The State of Food and Agriculture 2025

Chapter 3 Global Landscape of Farms and Food Production

Conclusion

The diversity of global farm structures shaped by day-to-day land-use decisions at vastly different scales is striking. While more than 85 percent of the world’s farms are smaller than 2 ha, more than half of global agricultural land is managed by farms exceeding 1 000 ha. The contributions of these diverse decision-makers to the global production of food and land-based ecosystem services also vary across country income groups and regions.

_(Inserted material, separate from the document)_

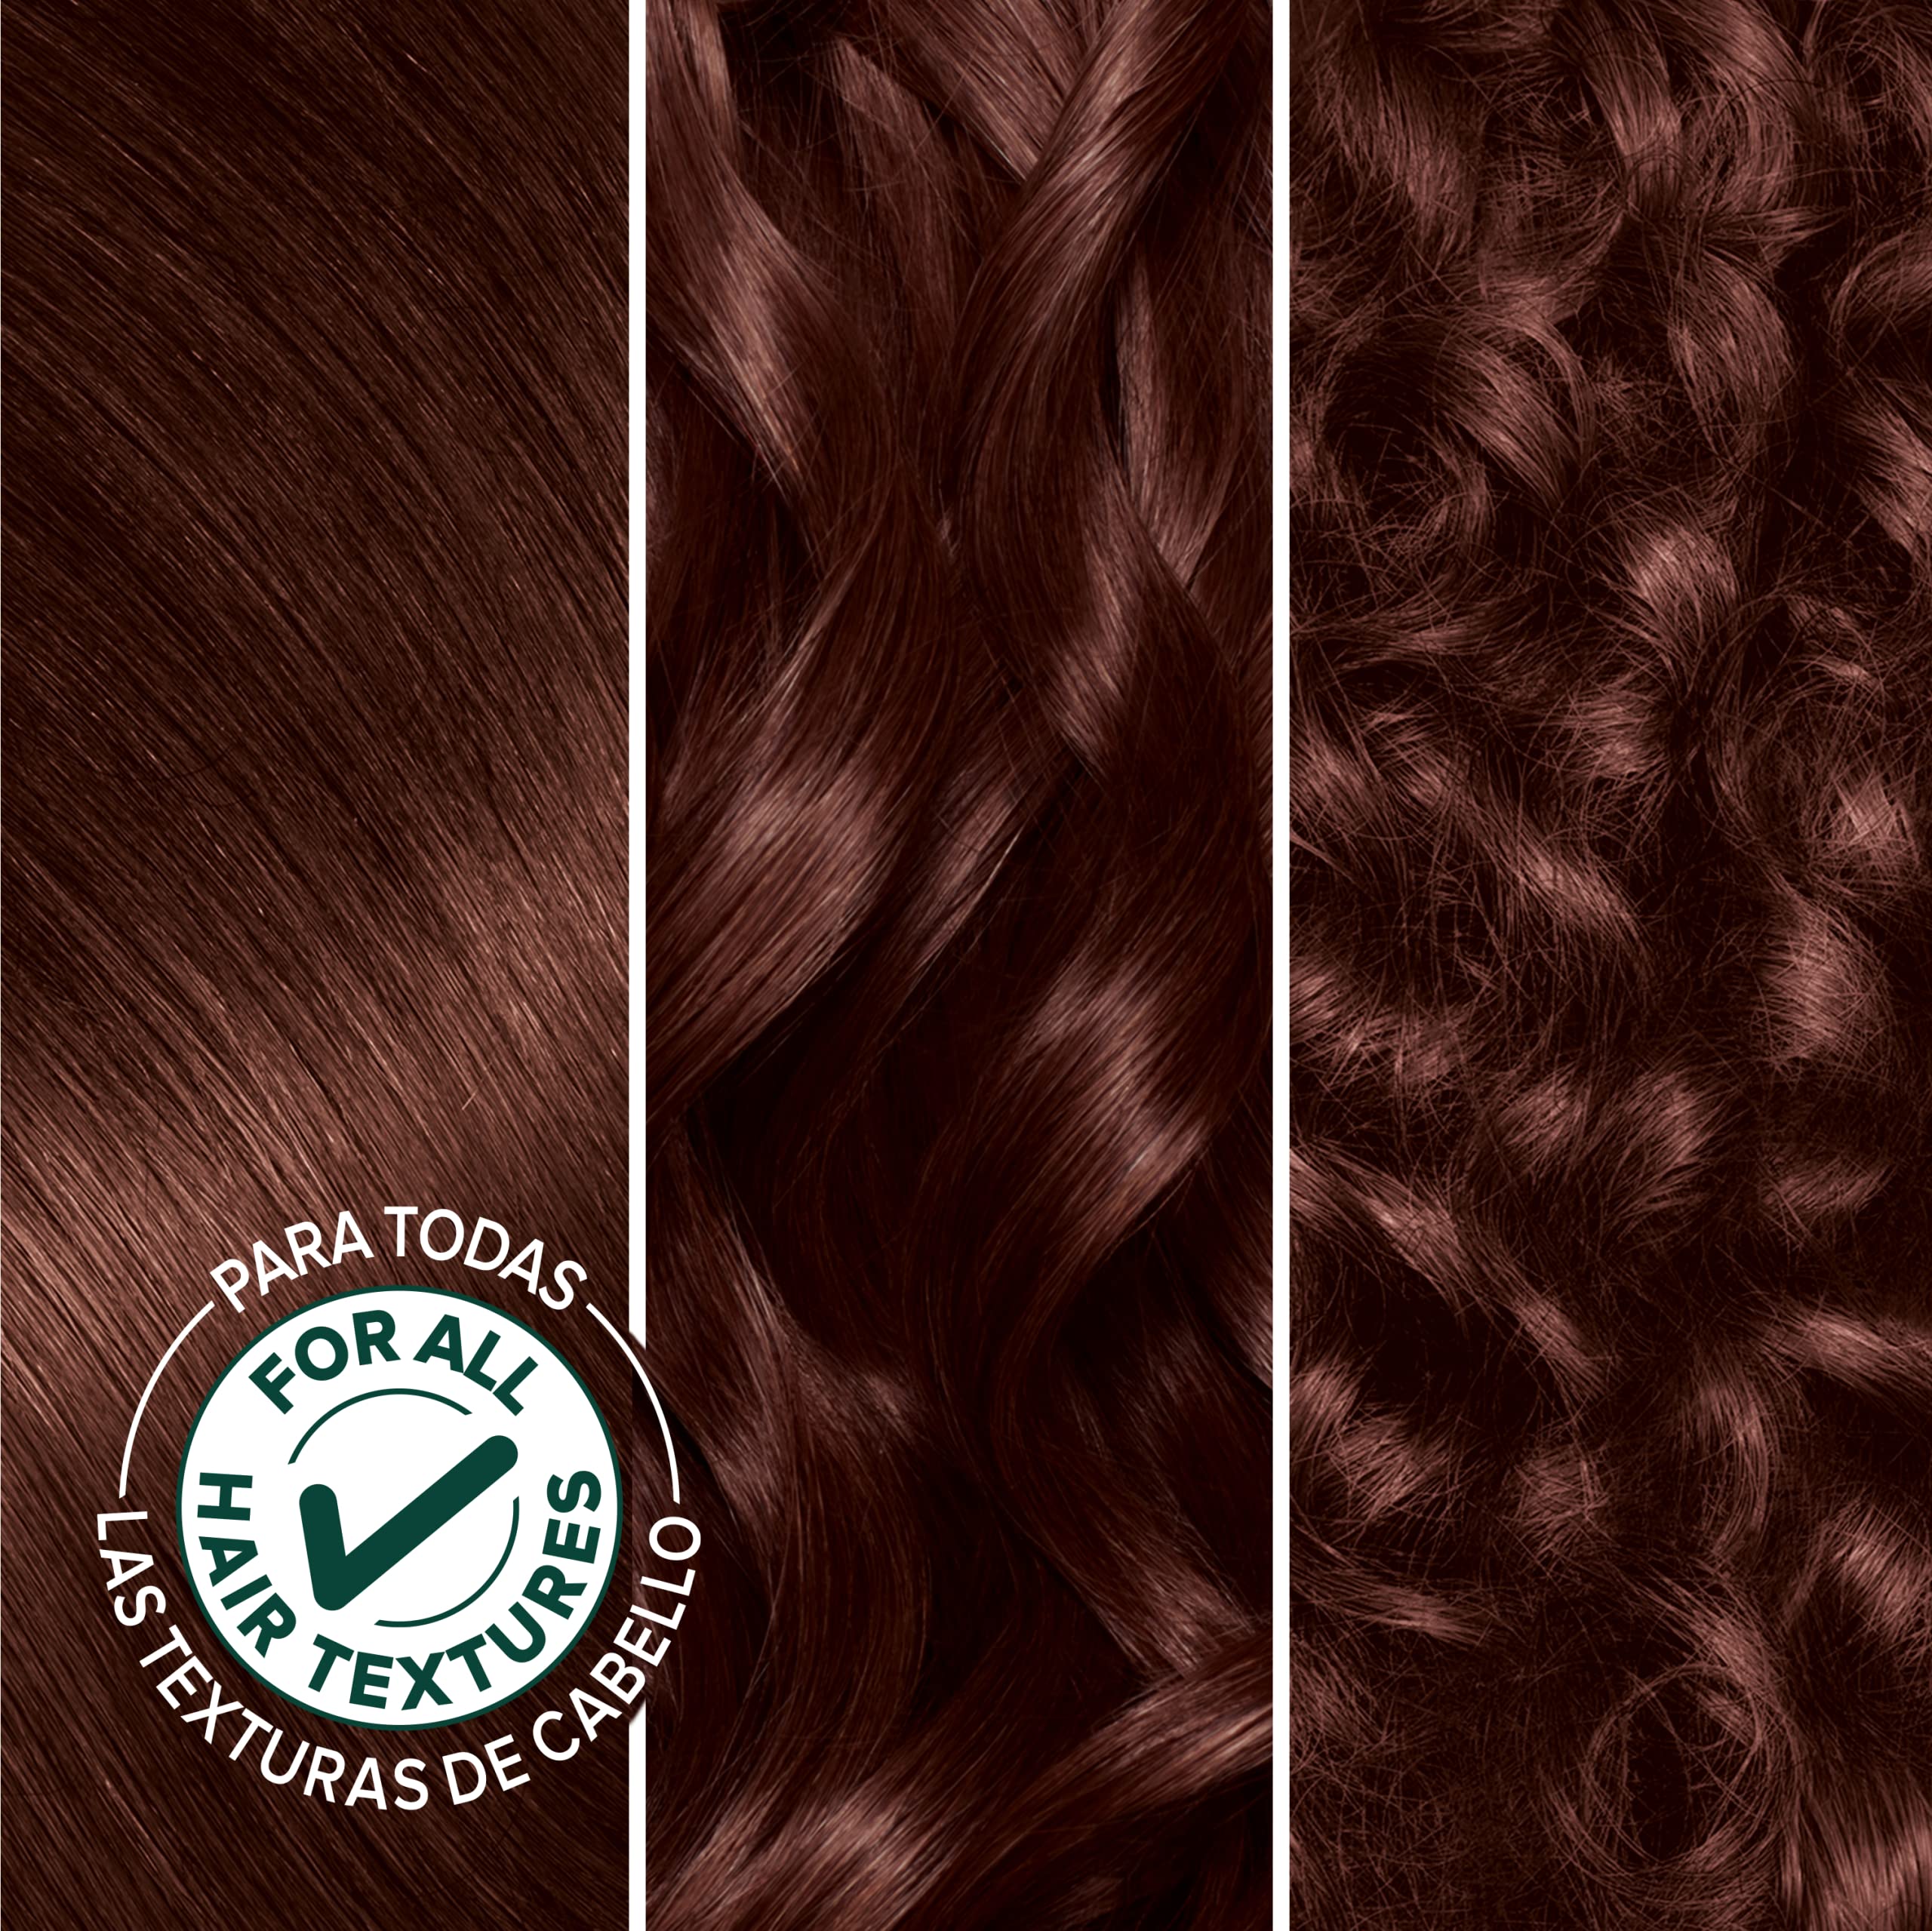 Garnier Hair Color Nutrisse Nourishing Creme, 415 Soft Mahogany Brown (Raspberry Truffle) Permanent Hair Dye, 1 Count (Packaging May Vary)

This chapter highlights the contribution of different farm sizes to the production of crops that supply a significant share of dietary energy globally. Key findings reveal that smallholder farmers, despite their limited land share and the multitude of constraints they face, remain vital contributors to global food supply: they produce a significant proportion of the dietary energy derived from crops, including from macronutrients such as fats and proteins, particularly in low-income regions. Meanwhile, medium- and large-scale farms produce more than half of the global food supply from crops. Although fewer in number, these farms dominate land use and thus bear a greater responsibility for addressing land degradation and sustainable management at the global level.

Policies to achieve the interconnected goals of ending poverty, achieving food security and improved nutrition, and promoting sustainable agriculture and land degradation neutrality, need to strike a balance between livelihoods and scale. This is easier said than done, as land-use decisions often entail trade-offs between people or places across spatio-temporal scales.95 The regional variation in farm size distribution and the associated challenges underscore the need for nuanced, context-specific policies that target sustainable land management as well as land degradation – through both local-level measures and landscape-scale planning.

Future research could benefit from exploring alternative farm classification systems that better capture the complexity of degradation patterns and their socioeconomic drivers. These might include classifications based on market orientation, tenure security, or frameworks aligned with the SDGs that consider both relative farm size and revenue. Such approaches could improve the targeting and effectiveness of policies addressing land degradation and sustainable agriculture.

The next chapter presents a global synthesis of the effectiveness of agri-environmental policies aimed at improving land conditions and provides a framework to guide differentiated policy and investment approaches for different farm size and land degradation profiles.